▸ **WORK INSTRUCTION**
Print out the data that follows exactly, character for character, apart from the pictures.
=== DATASET CONTENT ===
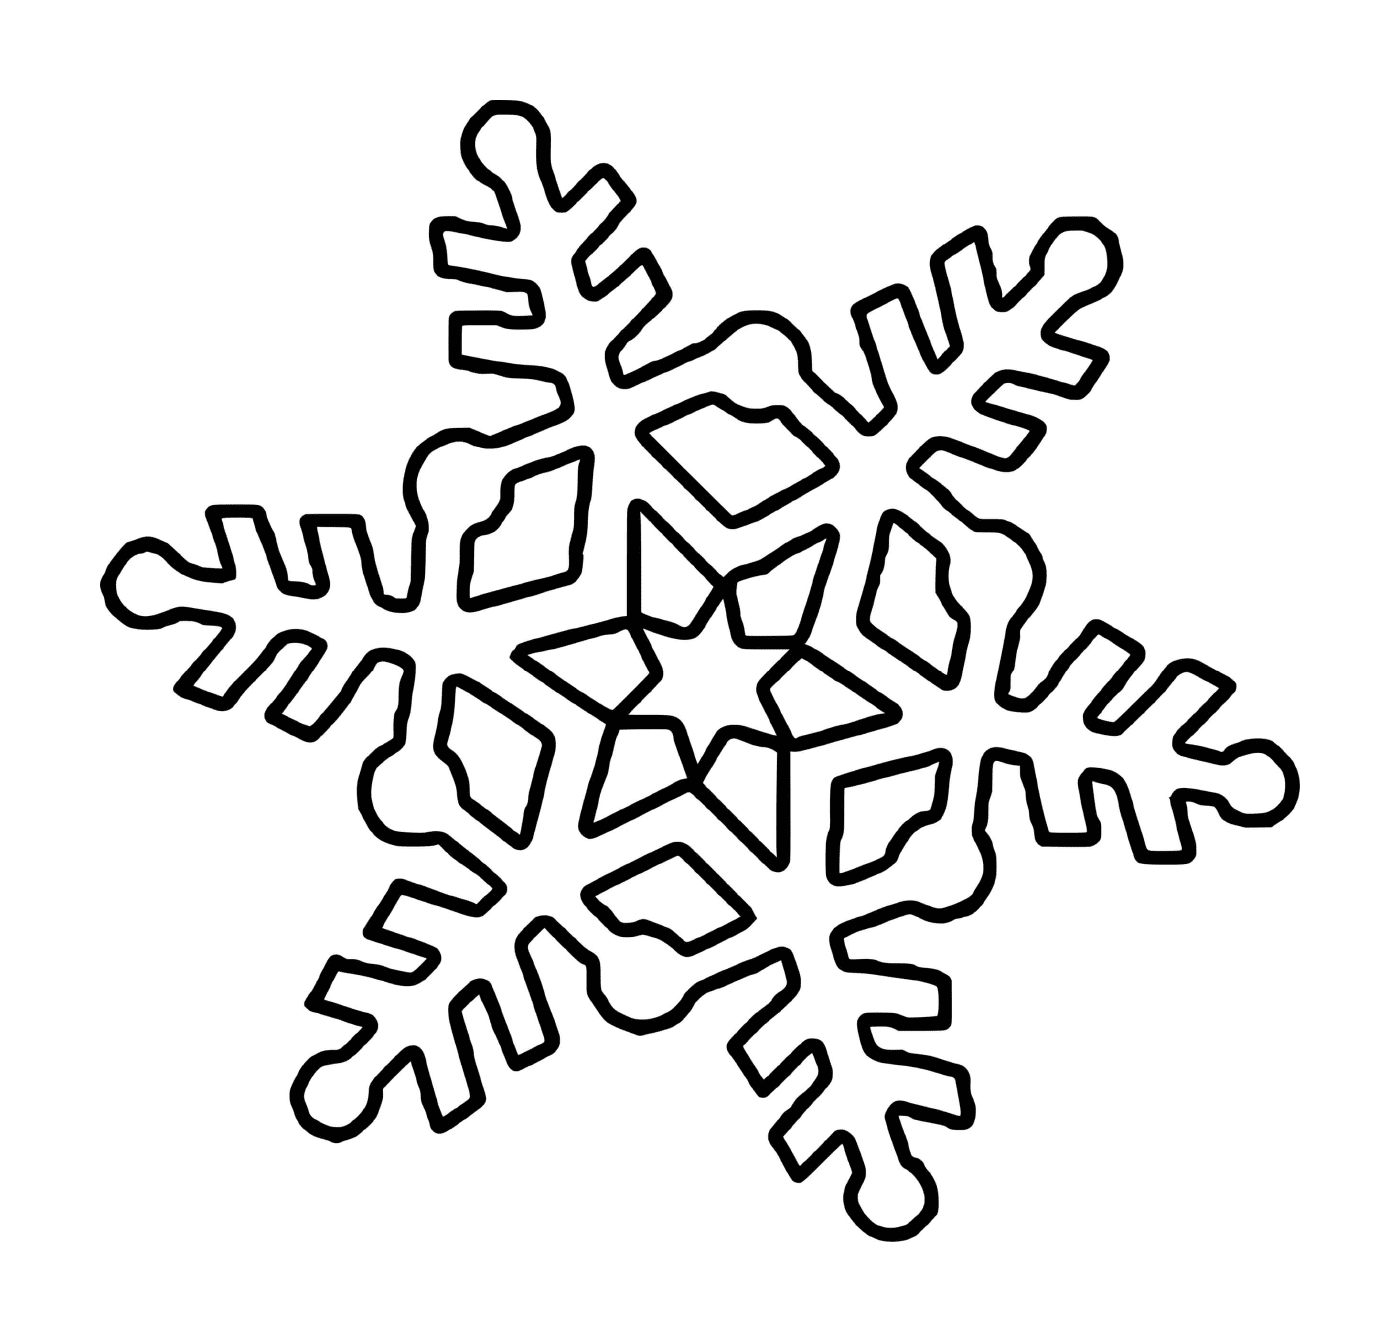  A hexagonal snowflake with a star 
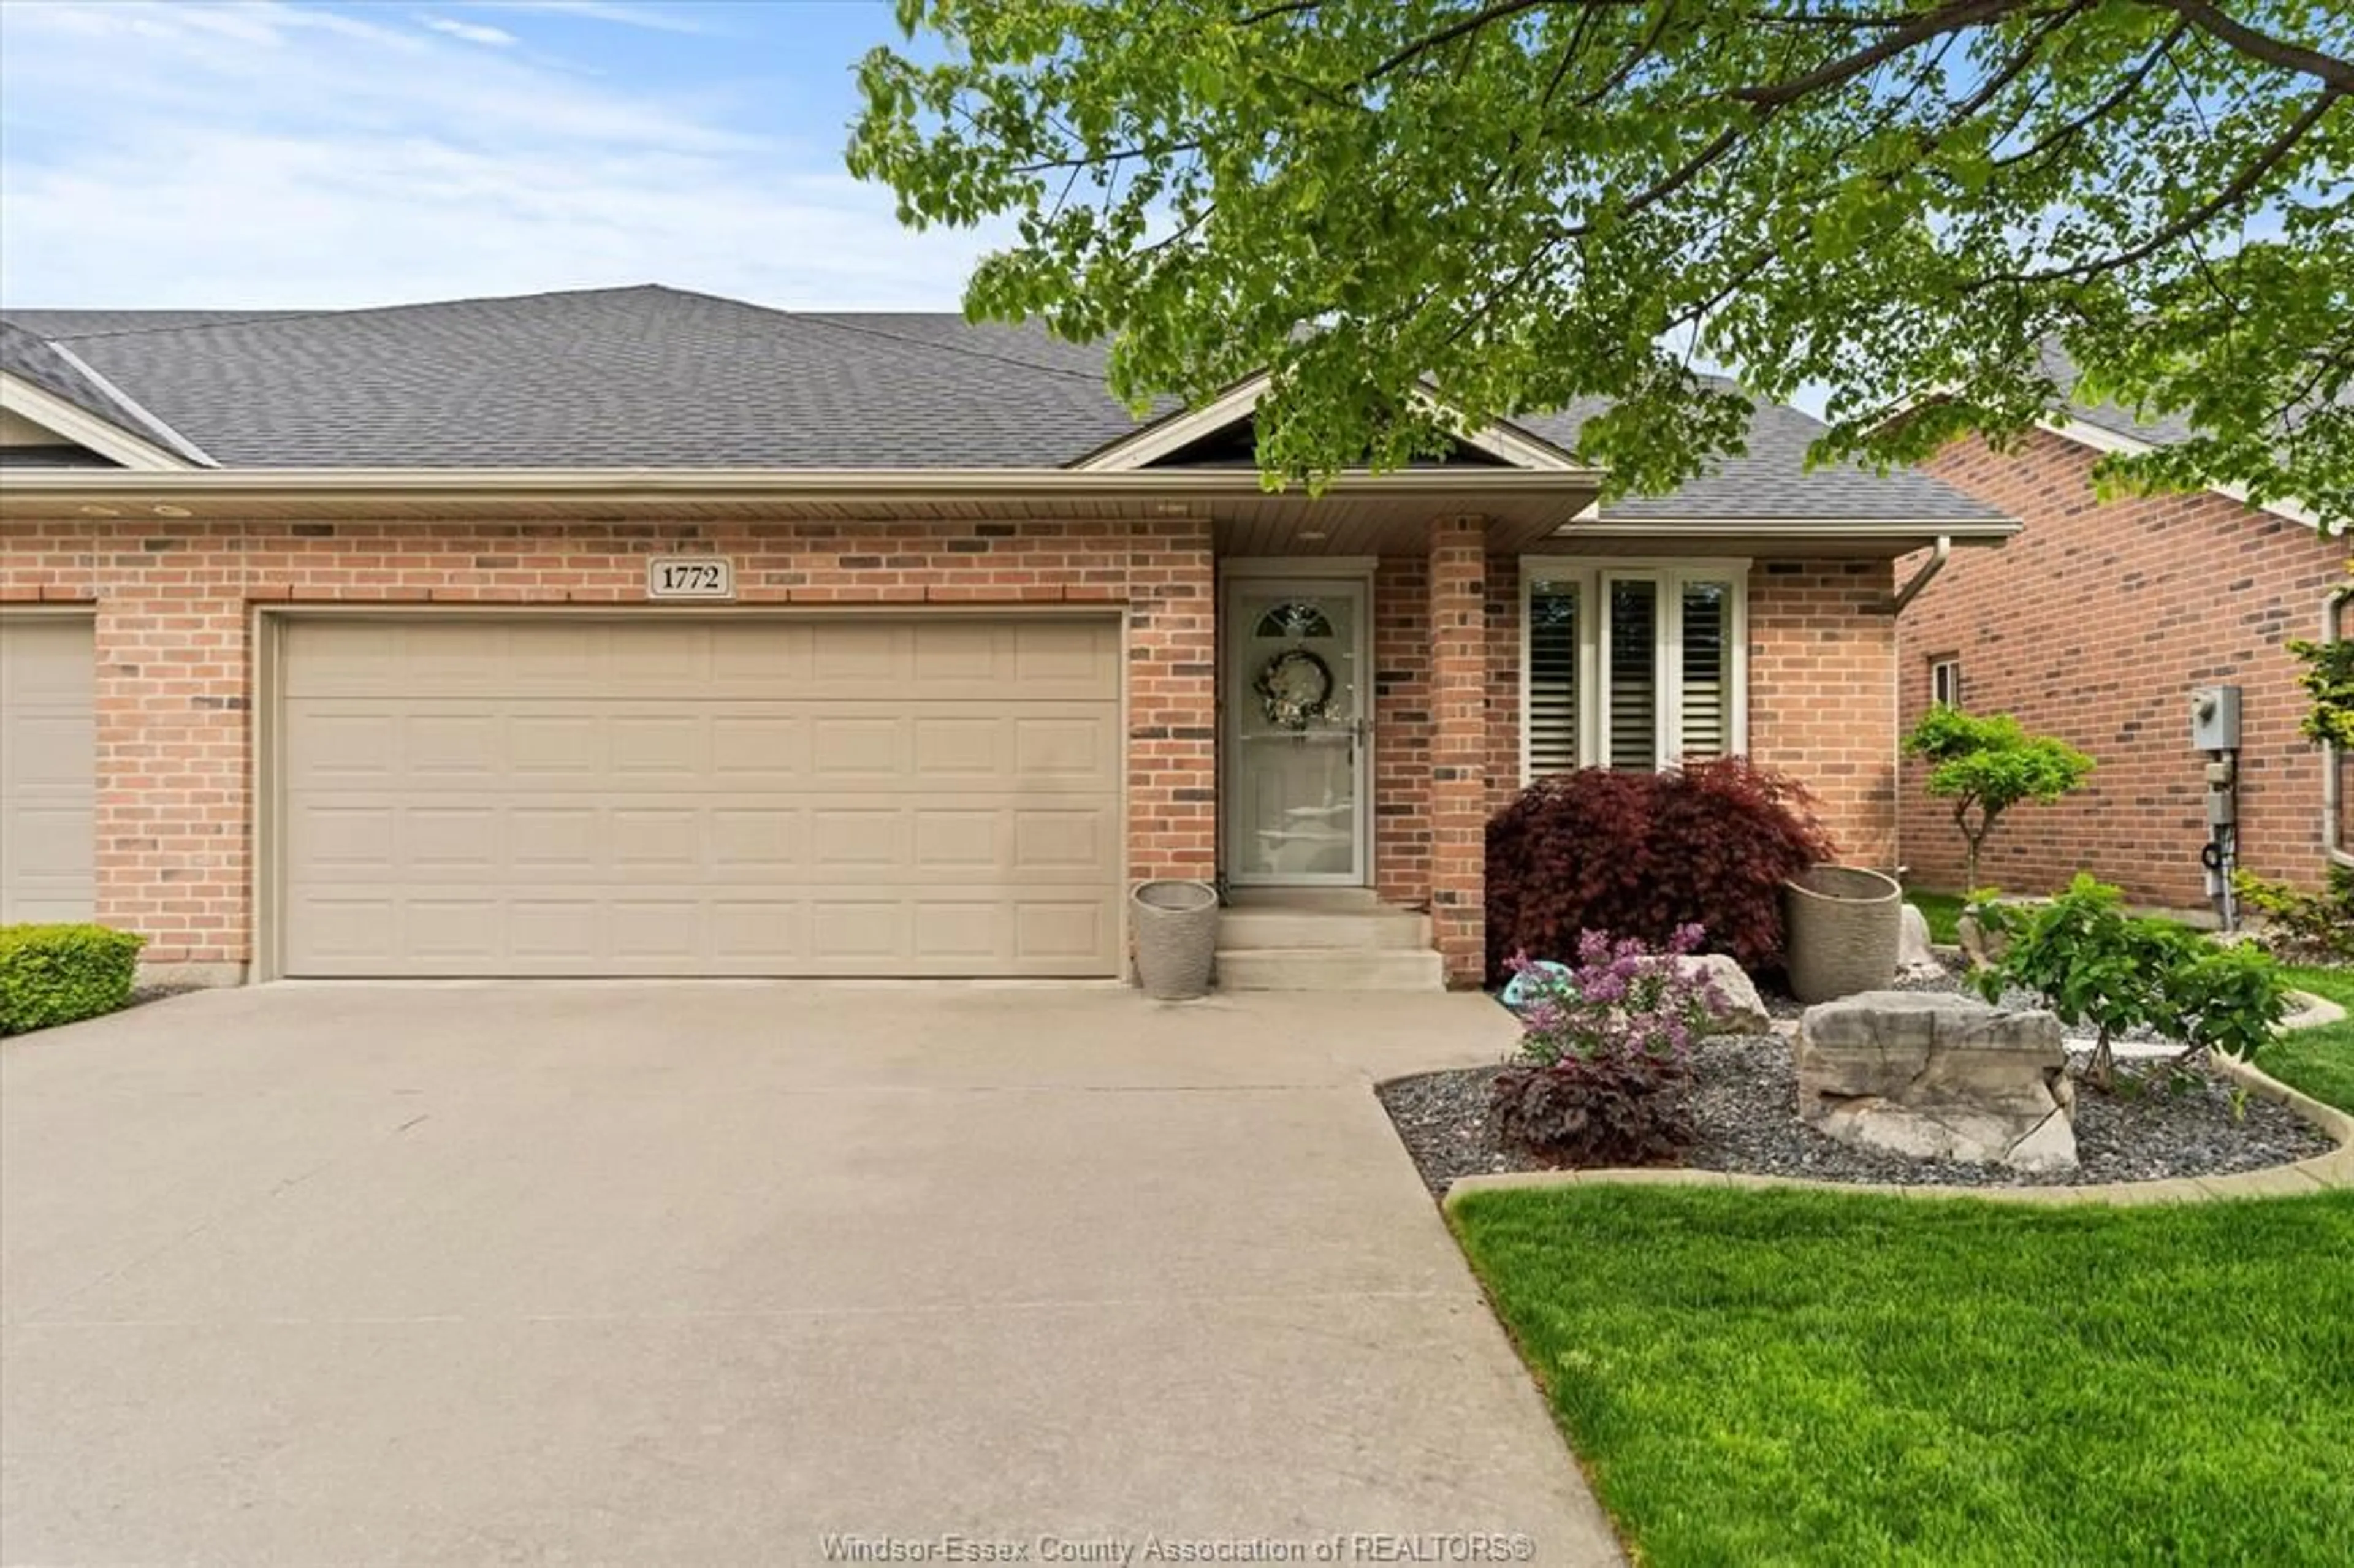 Home with brick exterior material for 1772 VENETIAN Ave, Windsor Ontario N8P 2A1
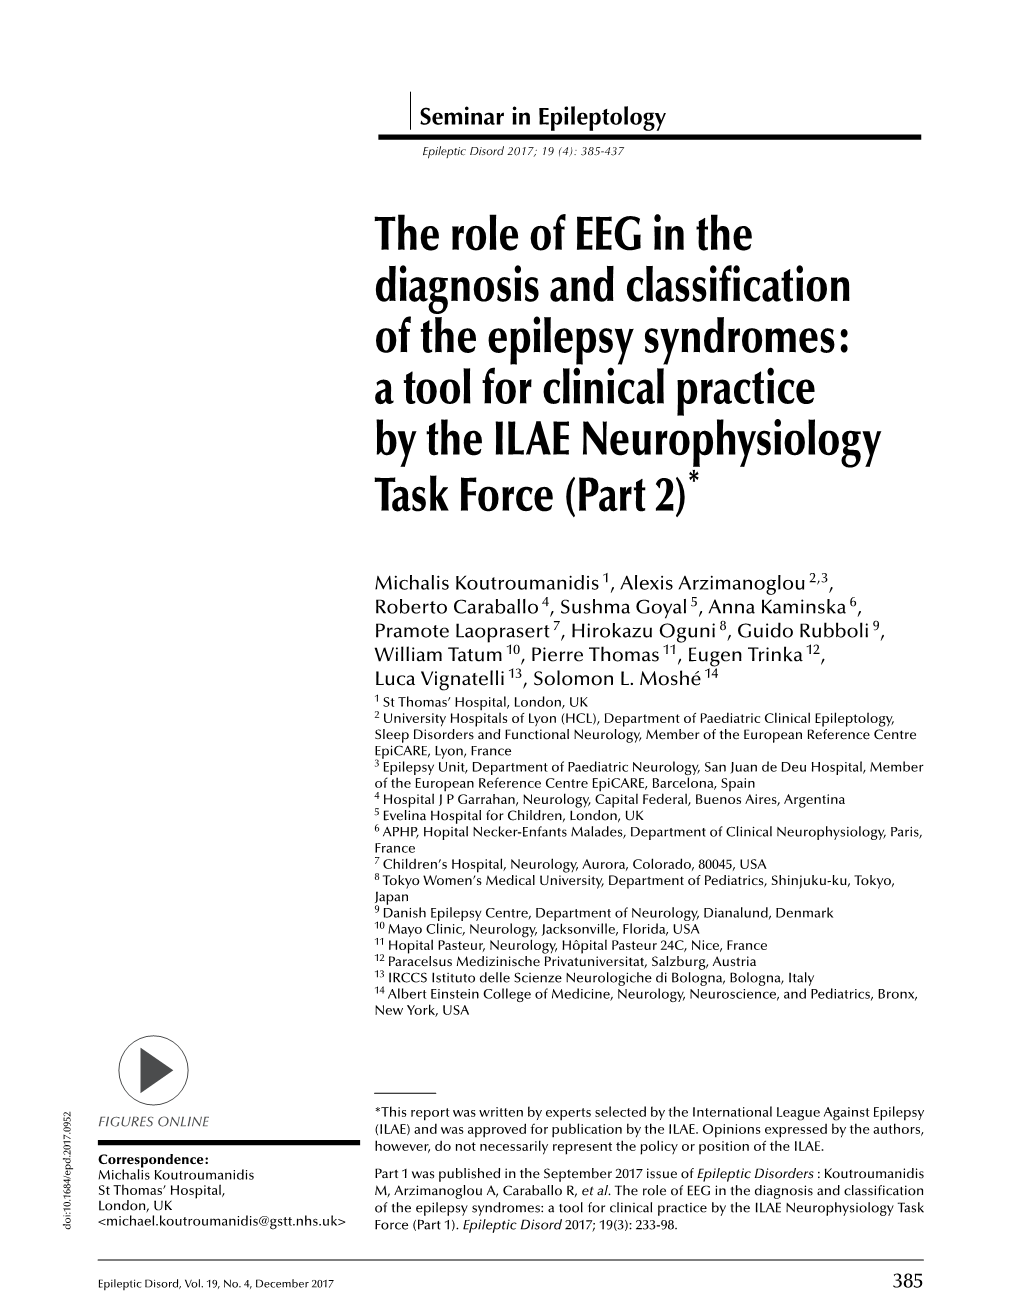 The Role of EEG in the Diagnosis and Classification of the Epilepsy
===
▸ **TASK OUTPUT**
  A hexagonal snowflake with a star 
 Home with brick exterior material for 1772 VENETIAN Ave, Windsor Ontario N8P 2A1
 The Role of EEG in the Diagnosis and Classification of the Epilepsy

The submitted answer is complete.